In practice, applying the ISO 8601 standard leads to it being used in both research data and
metadata. ISO 8601 has the benefit that all date information is expressed numerically, allowing
for easier calculation, smoother analysis, and comparison between date values. Additionally,
some software packages expect dates in the ISO 8601 format, such as in the “lubridate” library
in R (Grolemund and Wickham 2011). The one analysis tool that will likely be the most
challenging when working with ISO 8601 is Excel. Excel has a long history of mangling dates
(Bahlai 2014; Woo 2014; Kosmala 2016; Broman and Woo 2018) and even interpreting
non-date data as dates (Ziemann, Eren, and El-Osta 2016), so it should not be surprising that
its date problems extend to ISO 8601. There are a few strategies for working with ISO
8601-formatted dates in Excel. First, the cells can be reformatted into ISO 8601, though this is
a cosmetic change and can easily be reverted (this is because reformatting only alters the
display and not the underlying configuration in which Excel stores date information). Second,
dates can be represented as YYYYMMDD and interpreted by Excel as an 8-digit number.
Finally, date parts can be stored in separate columns, one each for year, month, and day. The
latter represents the best option as it is least likely to be mangled yet the information remains
readily computable (Bahlai and Pawlik 2016). Always refer to the specifics of your preferred
analysis tool for how it does or does not support ISO 8601-style dates.
Dates in metadata are another important use of ISO 8601. In many cases these dates act like
dates appearing in a dataset, as discussed in the previous paragraph, but there is a special
case worth further consideration: dates in file names. ISO 8601 and file names are a match
made in heaven. The reason for this is that 8601-formatted dates sort chronologically. In
combination with a consistent file naming scheme, this makes for wonderfully organized files.
One useful example is in the file names of meeting notes, such as “Meeting_2018-10-31.docx.”

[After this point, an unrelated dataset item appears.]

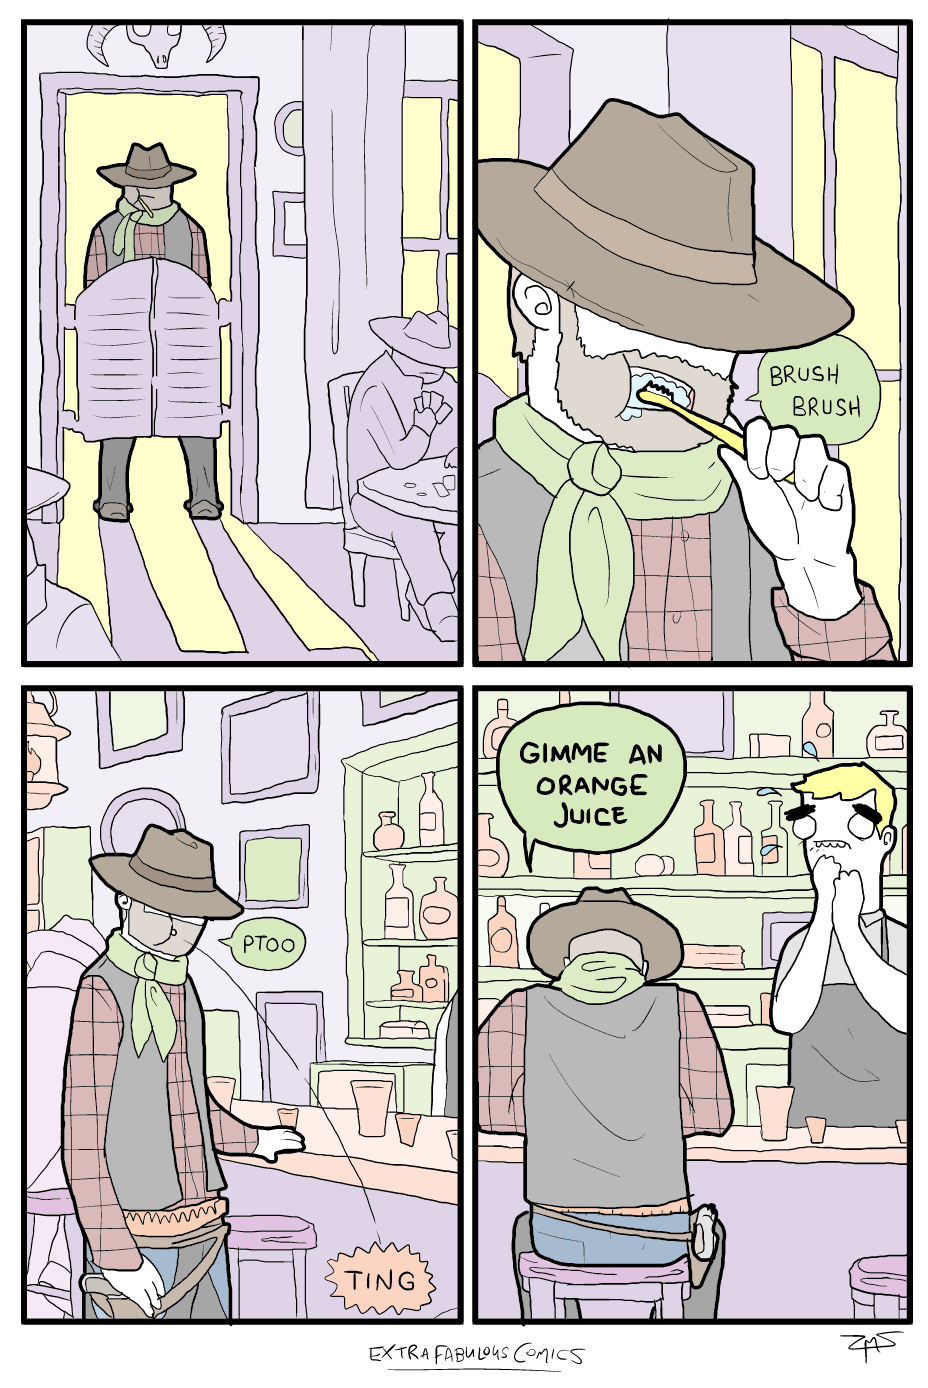 cowboy-brosse-dents

Given a whole group of such files, it is simple to sort and scan through documents to find what
one needs.
While ISO 8601 has many uses within research data management, it isn’t perfect. One
problem is that ISO 8601 is based on the western, Gregorian calendar, which is not used in all
countries. Additionally, while the standard can theoretically handle BCE (Before the Common
Era) dates, it is not an ideal format for this information. Moreover, few people are familiar with
ISO 8601, which may lead to date confusion. This is compounded by the fact that some
8601-formatted dates are less human readable.

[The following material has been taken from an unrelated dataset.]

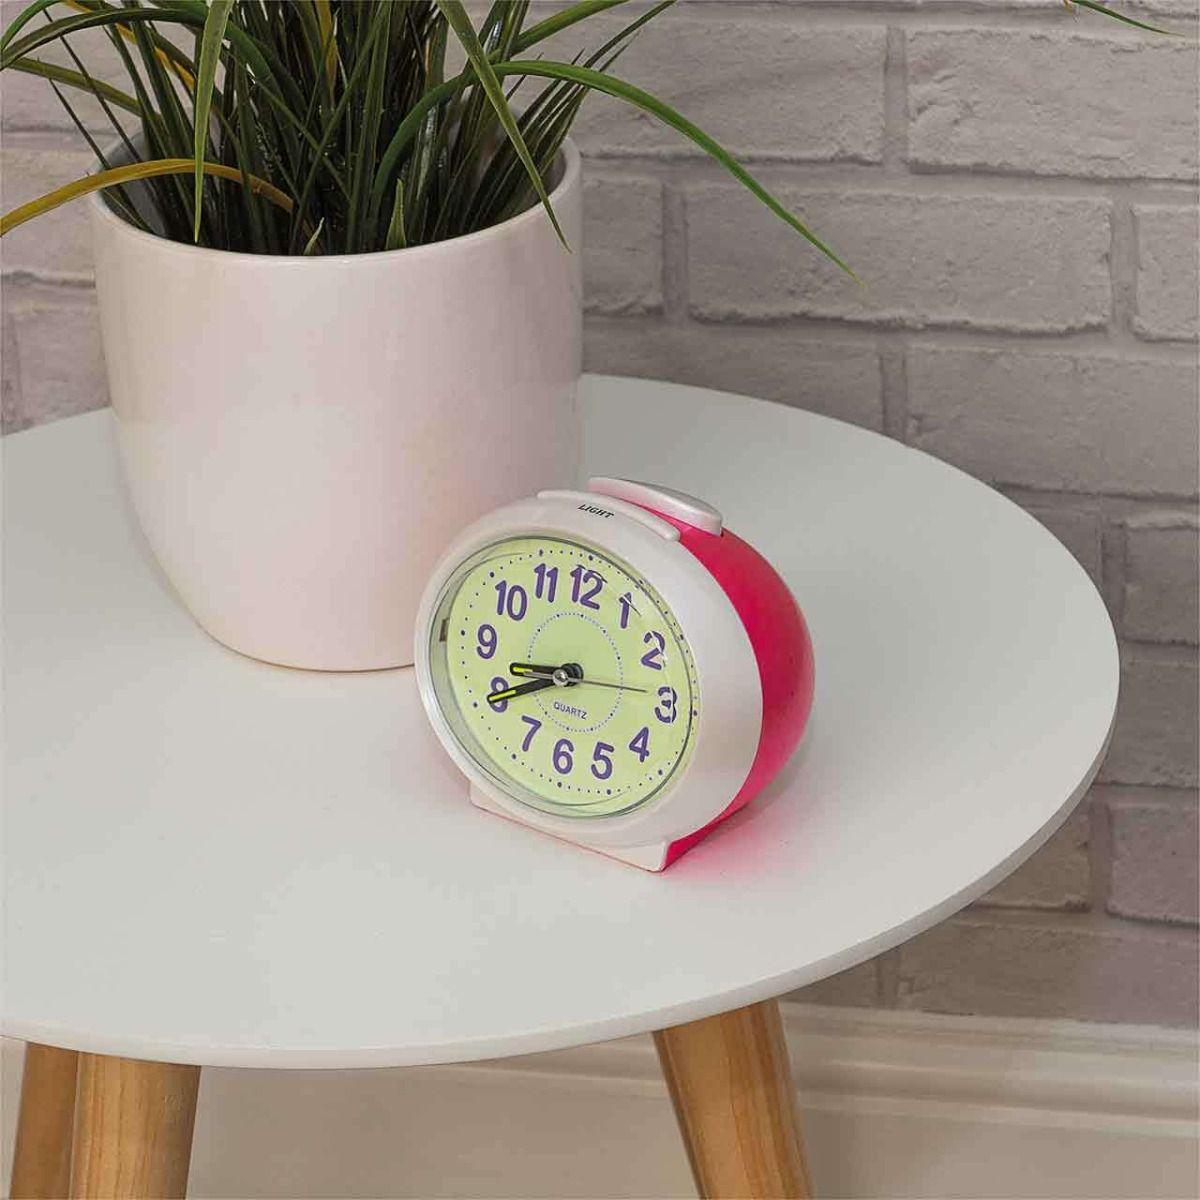 Analog talking clock, contrasting face

Journal of eScience Librarianship
e1147 | 4
The Problem with Dates JeSLIB 2018; 7(2): e1147
doi:10.7191/jeslib.2018.1147
As data librarians advise researchers to adopt more standardized workflows, we should not
forget to apply date standards to this work. ISO 8601 is a natural partner for research data
management, yet there are many examples of data librarians not utilizing this standard. I have
adopted ISO 8601 liberally in my own data, my own file names, and in committees to which I
belong, and will never go back—the benefits I reap from readily scanned file names and easily
analyzed dates are simply too great. I therefore urge my peers to learn the benefits of this
standard themselves and, in turn, advocate for its adoption with the researchers they advise.
Acknowledgments
The author thanks Yasmeen Shorish for her valuable feedback on a draft of this commentary.
Disclosure
The author reports no conflict of interest.
References
Bahlai, Christie. 2014. “Dealing with Dates as Data in Excel.” Practical Data Management for Bug Counters.
https://practicaldatamanagement.wordpress.com/2014/07/02/dealing-with-dates-as-data-in-excel
Bahlai, Christie, and Aleksandra Pawlik. 2016. “Data Organization in Spreadsheets: Dates as Data.”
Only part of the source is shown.